Roman Martinez, counsel for a fishing firm, lauded the verdict as a vital safeguard for governmental checks and balances, curbing excessive administrative actions. Conversely, Kym Meyer from the Southern Environmental Law Center decried it, forecasting erratic outcomes from judges without specialized insights.

Adding to the broader context, the decision dovetails with another 2024 ruling in Corner Post, Inc. v. Board of Governors of the Federal Reserve System, which extended the timeframe for challenging agency rules by tying the statute of limitations to when a party suffers harm, rather than the rule’s issuance date. This combination has sparked a surge in lawsuits against longstanding regulations, with industry analysts predicting a “tsunami” of litigation across sectors, including finance.

Relevance for Private Lending Professionals

This might seem like a niche fisheries issue at first glance, but as a pivotal reversal of 40-year-old doctrine, its ripples extend to all regulated industries, including private lending. The core change? Courts no longer automatically endorse agency glosses on laws, injecting uncertainty into compliance strategies.

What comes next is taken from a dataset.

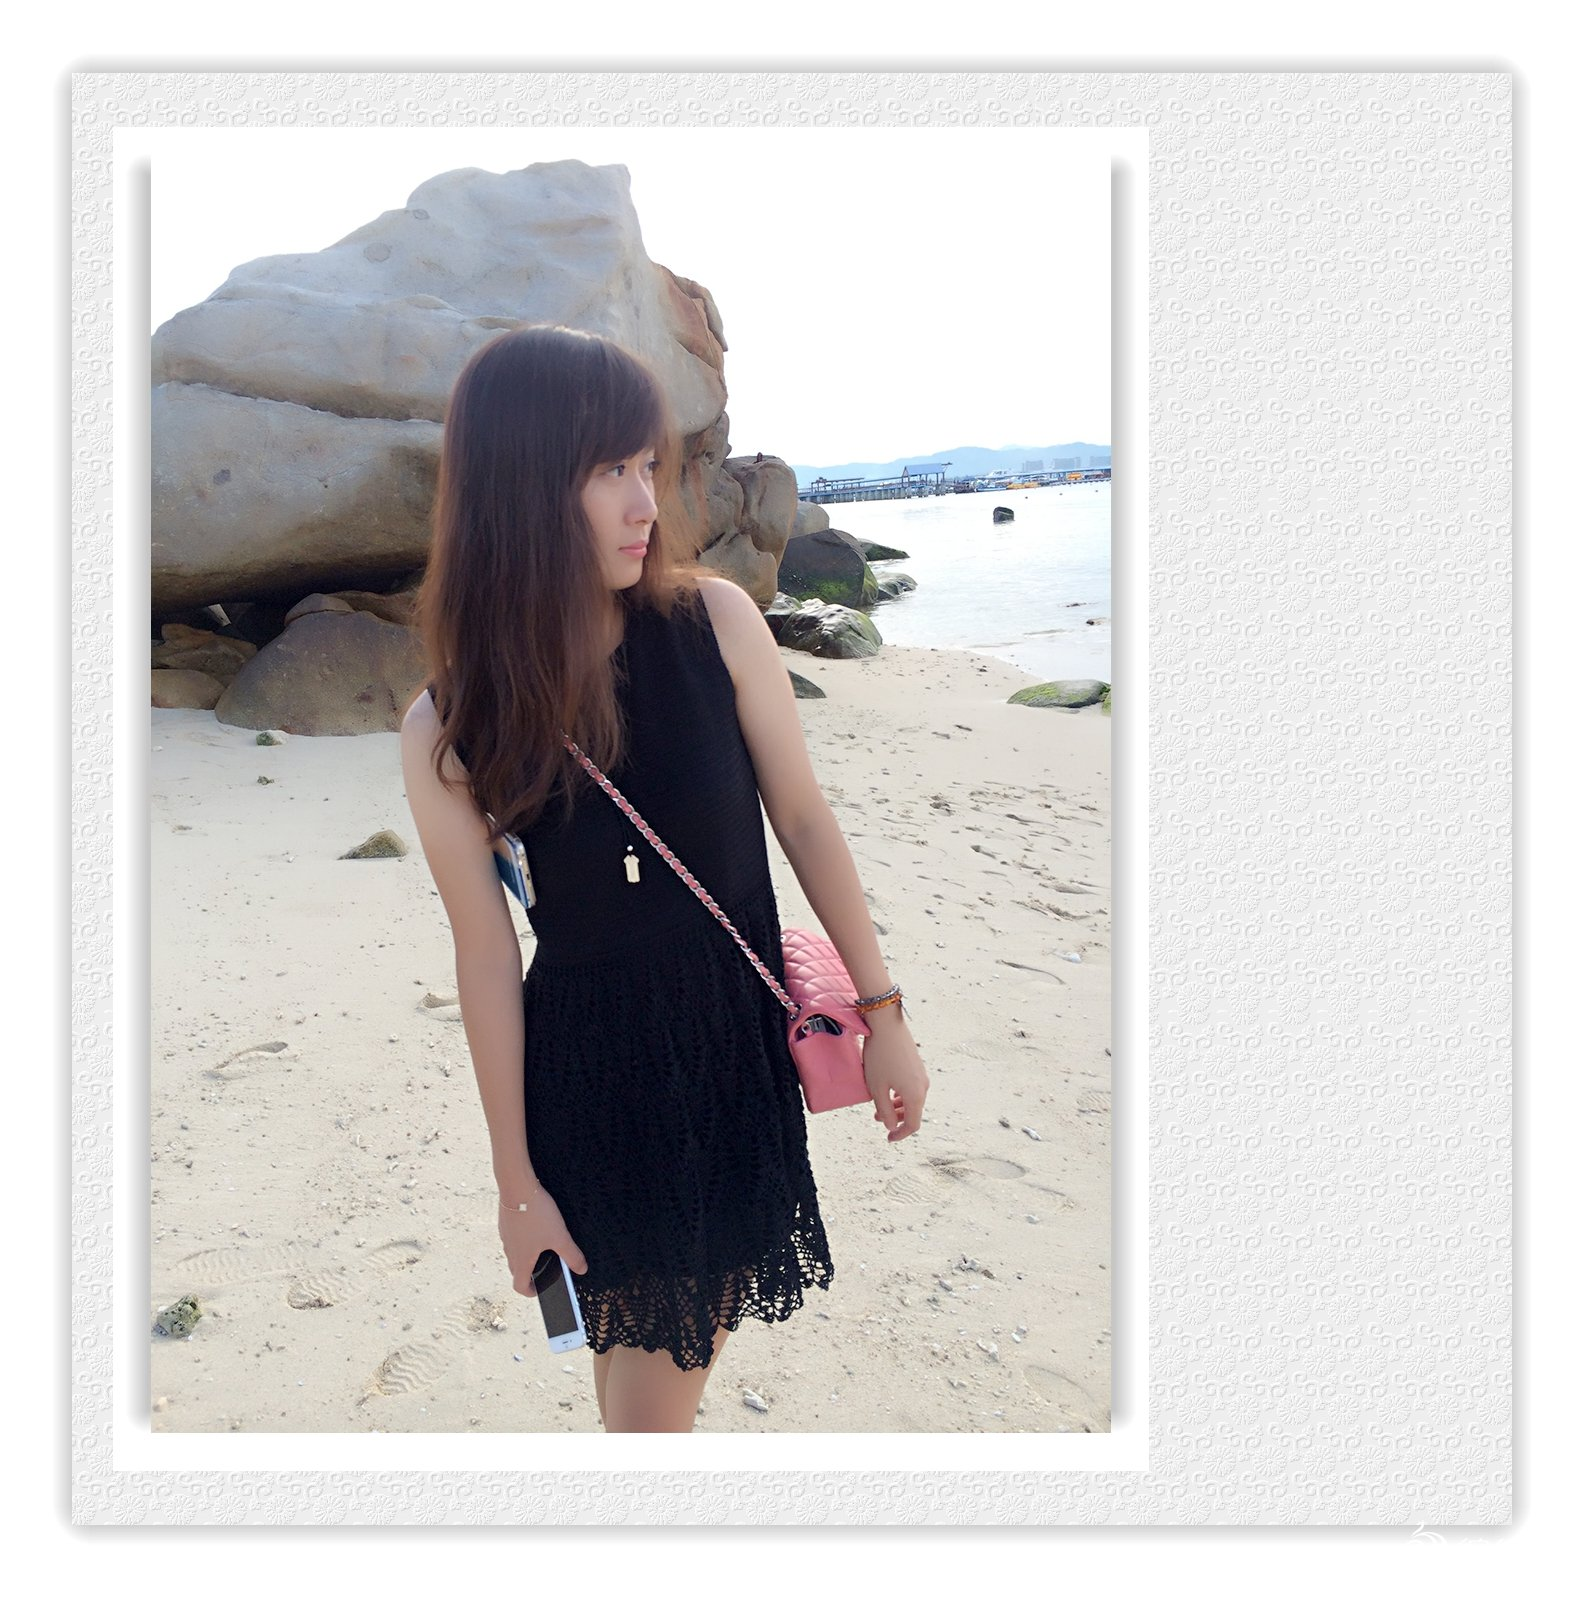 PIC_20150803_180642_013.jpg

Rethinking Private Lender Business-Purpose Lending Standards

Recent discussions among experts highlighted the relative stability of business-purpose loans, exempt from certain consumer protections under Regulation Z. The Consumer Financial Protection Bureau (CFPB) offered direction via its Official Staff Commentary (OSC), outlining factors like a seven-point test for classification and specifics on rental property financing, whether owner-occupied or not. These benchmarks, though not ironclad, provided navigational aids.

Post-Loper Bright and Relentless, that foundation erodes. Without mandatory deference, the OSC loses its authoritative weight, potentially exposing lenders to enforcement risks despite following it. Precedent cases invoking Chevron and the OSC are now vulnerable to reevaluation, paving the way for fresh disputes labeling loans as consumer-oriented. In essence, the clock resets to pre-1984 ambiguity, urging caution beyond the most straightforward commercial deals.

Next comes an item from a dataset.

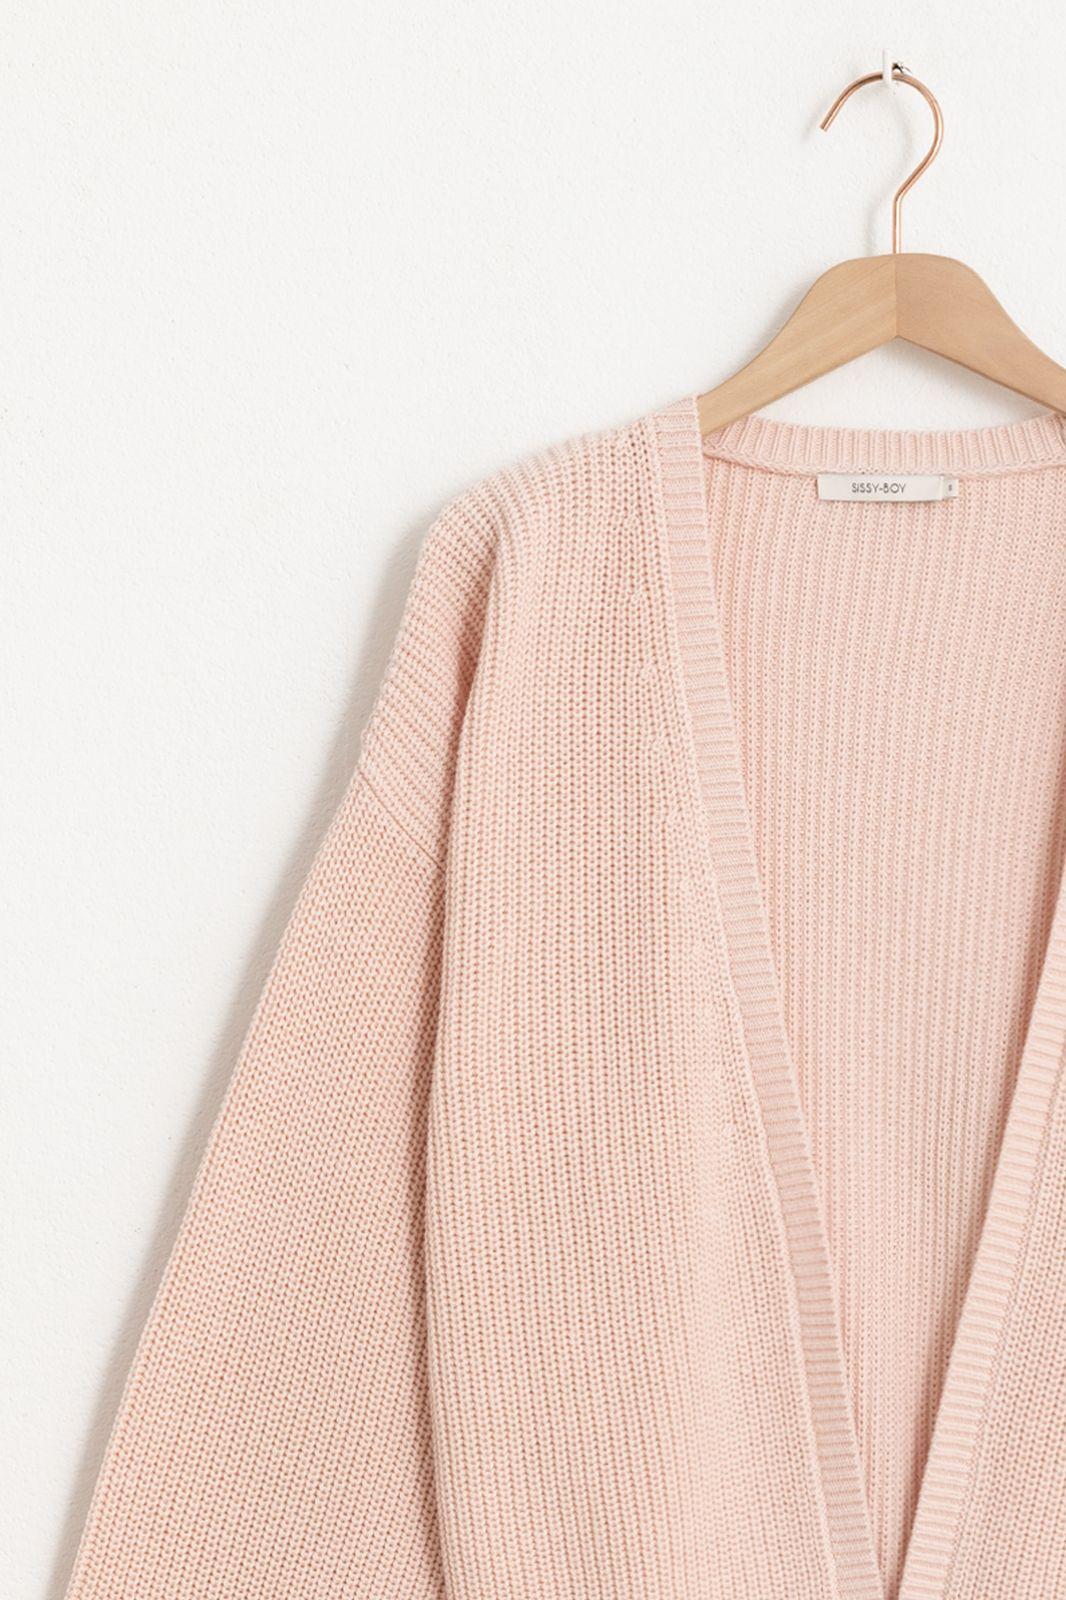 Gilet tricoté - rose clair

Since the June 2024 ruling, this has manifested in heightened challenges to CFPB rules, such as its small business lending data collection requirements, credit card late fee caps, and interpretations expanding unfair, deceptive, or abusive acts or practices (UDAAP) to cover discrimination outside traditional anti-bias laws. Proposed measures on overdraft and non-sufficient funds fees also face scrutiny, amplifying compliance dilemmas for lenders.

Diminished Value of No-Action Assurances

Private lenders interact with various overseers, from state bodies like California’s Department of Real Estate or Department of Financial Protection and Innovation to federal entities. These often issue regulations, interpretive notes, and no-action letters promising non-enforcement for specified practices. Courts historically leaned on these via Chevron when defending against private suits, bolstering their utility.

That shield weakens now. While no-action letters might still deter agency pursuits, their persuasive force in litigation diminishes without deference. This shift, combined with the extended challenge windows from Corner Post, invites revisits to established norms.

Anticipating Agency Backlash and Strategic Shifts

Regulators are unlikely to welcome this curb on their interpretive leeway. After investing extensive resources in crafting rules through drafts, feedback, and refinements—sometimes over years—their outputs now face easier invalidation. This opens floodgates for suits seeking deregulation or contesting granted exemptions.

In response, agencies like the CFPB have signaled resilience, asserting in ongoing cases that their powers stem from statutory text independent of Chevron. Yet, experts foresee more conservative rulemaking, tethered tightly to explicit laws, and a pivot toward enforcement over broad guidance. For lenders, this means consulting legal teams to navigate evolving risks and adapt operations amid the uncertainty.